Presented at SIBS, Zurich, Switzerland
We present an innovative workflow based on convolutional neural networks (‘Deep Learning’), providing life science research with more relevant information from today’s imaging technologies and increasing throughput (the principles of deep learning in HCS have recently been shown, e.g. by [1-2]). The workflow is tailored towards pharma-relevant assays, minimizing the need for expert time and knowledge, both during assay development and production. It aims to support complex research situations such as the phenotypic in-vitro assays that are highly relevant. These are typically performed in early drug discovery programs, and require costly expert time for many weeks per assay.
The key elements of the workflow are: 1. Visual and algorithmic tools to define known phenotypes and to reliably detect new phenotypes, 2. tools for effective training data generation and curation, 3. trained deep learning networks for production-level classification of high-content screening image-sets. In particular the easy production of training data is a prerequisite for productively using any deep learning approach. We illustrate the workflow using production assay data, showing a result quality that surpasses traditional image analysis (from basic classification performance to compound potency). We also compare the time and expertise investment between this workflow and traditional approaches and highlight the enormous timesaving, in particular for the tedious phenotype definition and curation task.
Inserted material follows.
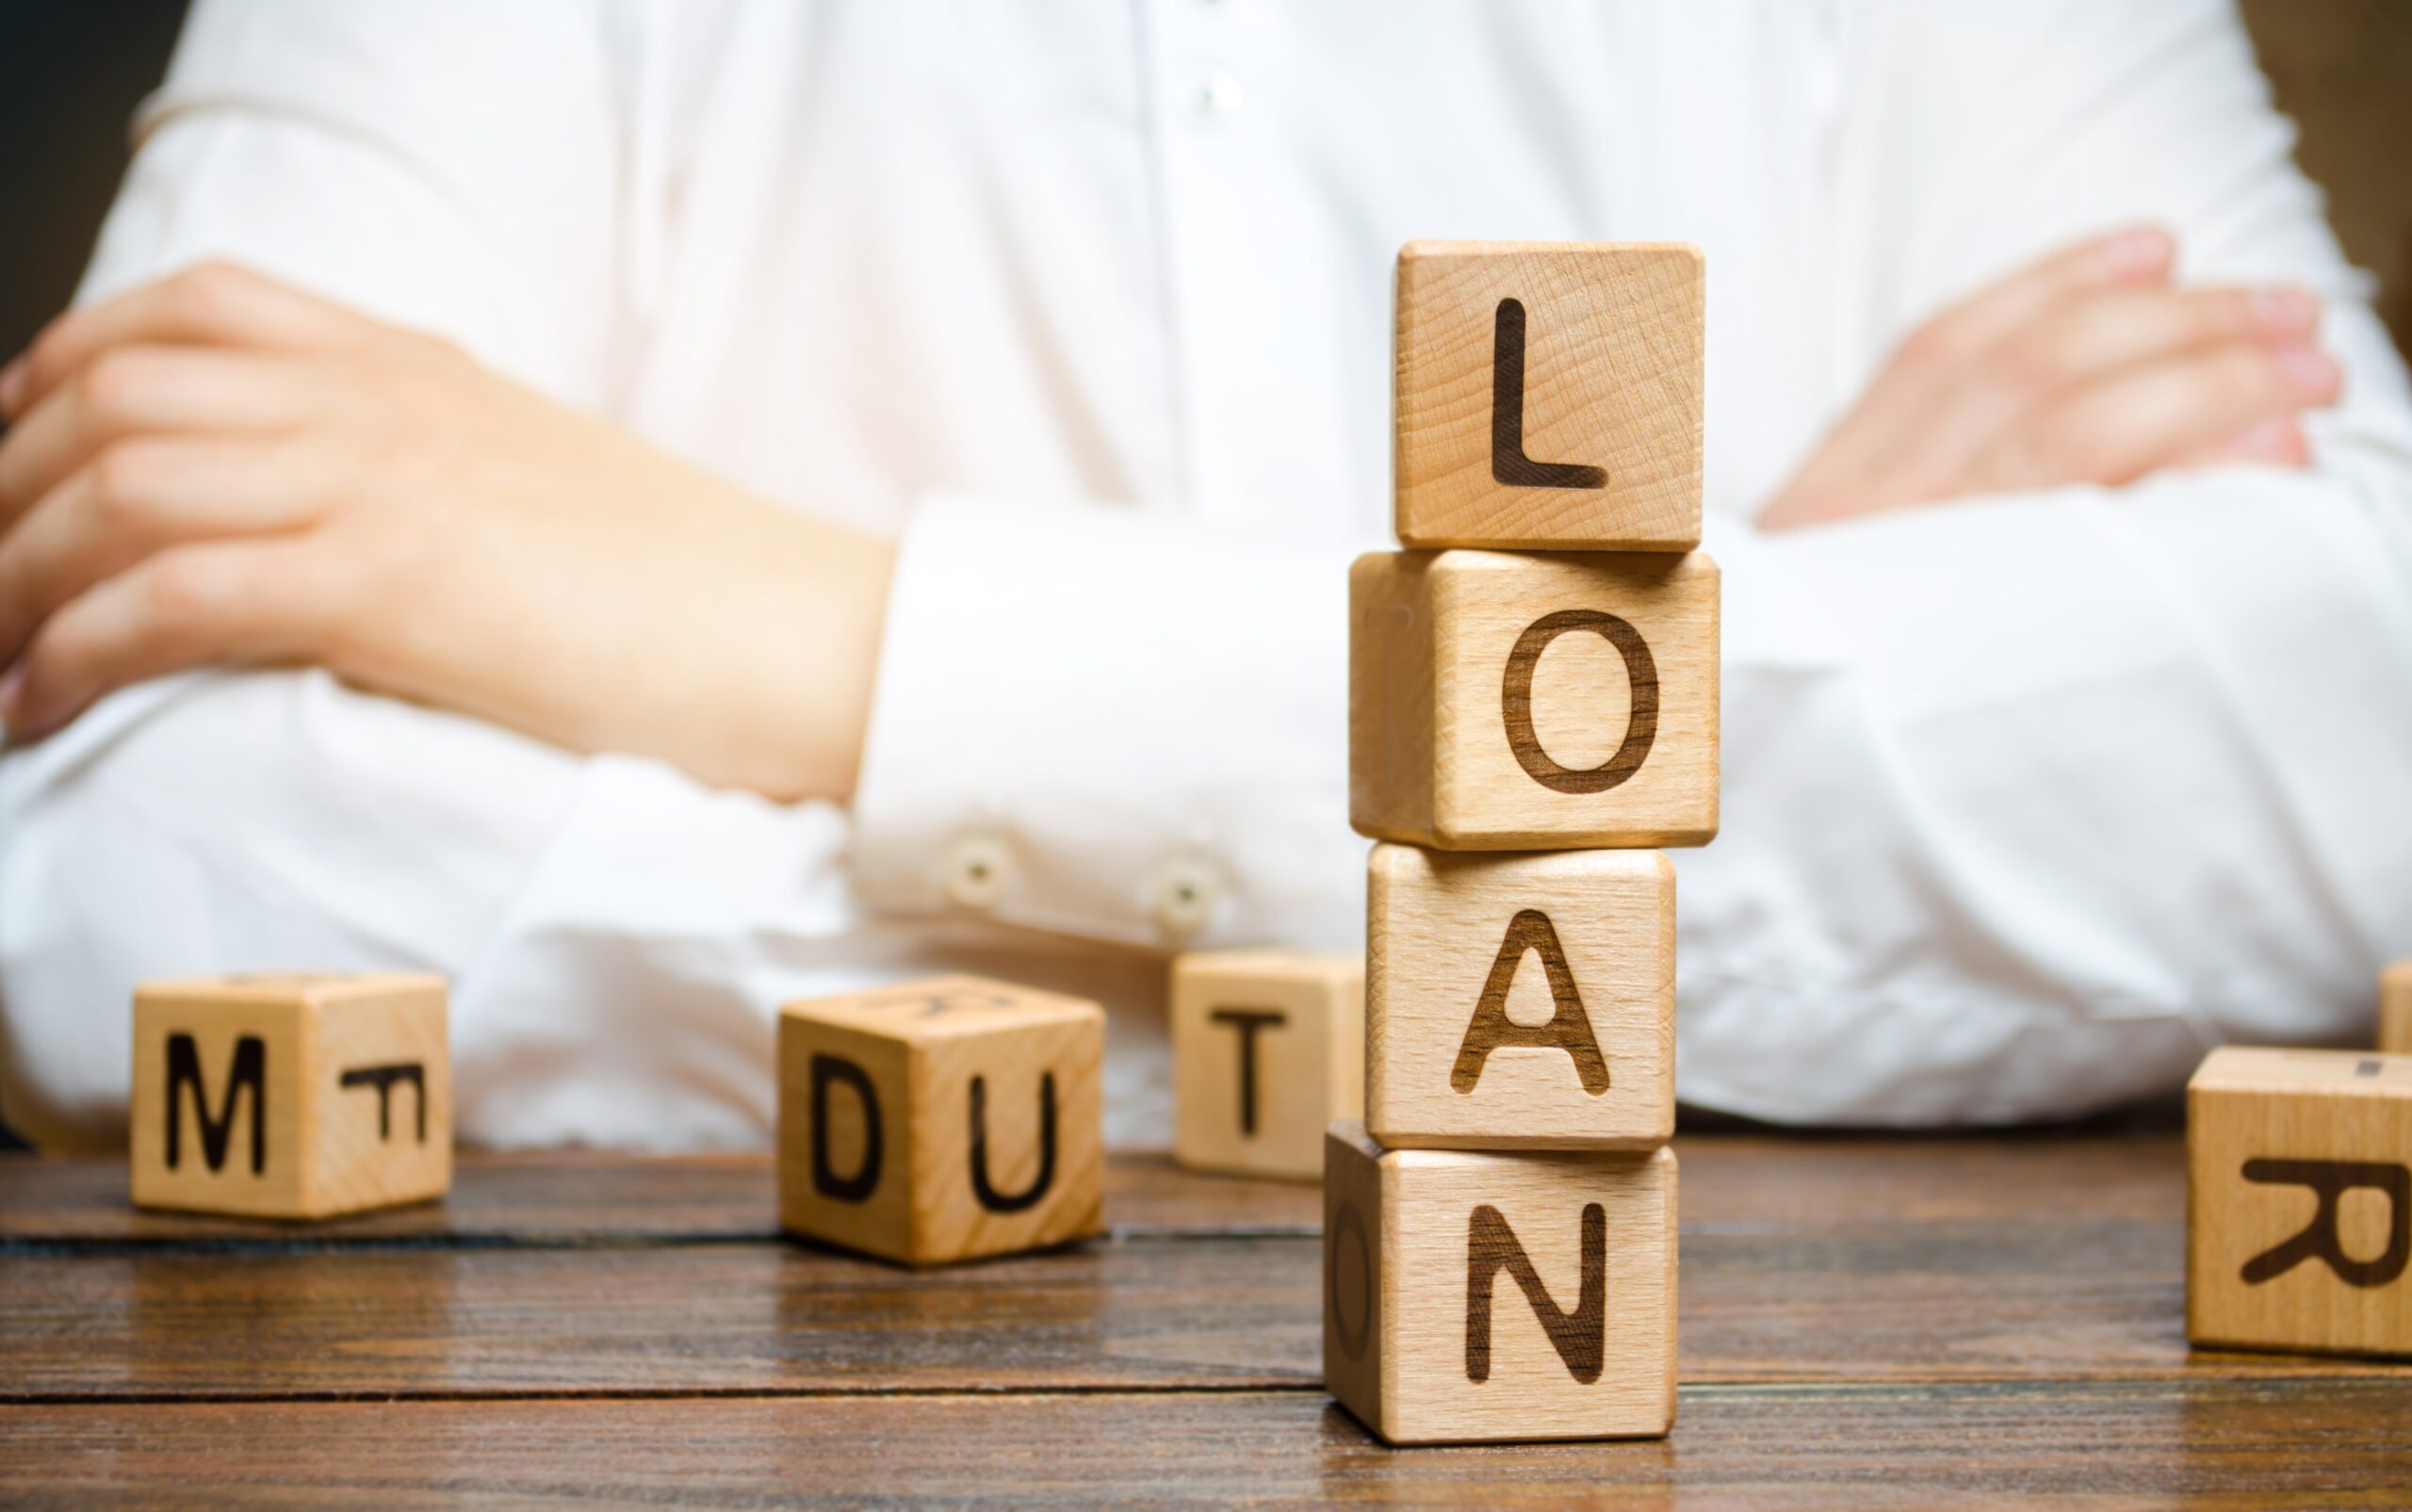 “Is Press Loans Legit?” – Find out if these short-term loans are the right solution for you!

We connect the workflow principles with the underlying algorithmic approaches and discuss the pros and cons of possible strategies like auto-encoders, transfer-learning, and saliency maps in view of generalizability and robustness. Both are strong requirements to fully support scaled-up analysis and the complex phenotypes typical for assays in today’s life science and pharma research.
 Dürr O, Sick B, 2016. Single-Cell Phenotype Classification Using Deep Convolutional Neural Networks. JBS 21(9), 998-1003.
 Godinez WJ, et al., 2017. A multi-scale convolutional neural network for phenotyping high-content cellular images. Bioinformatics.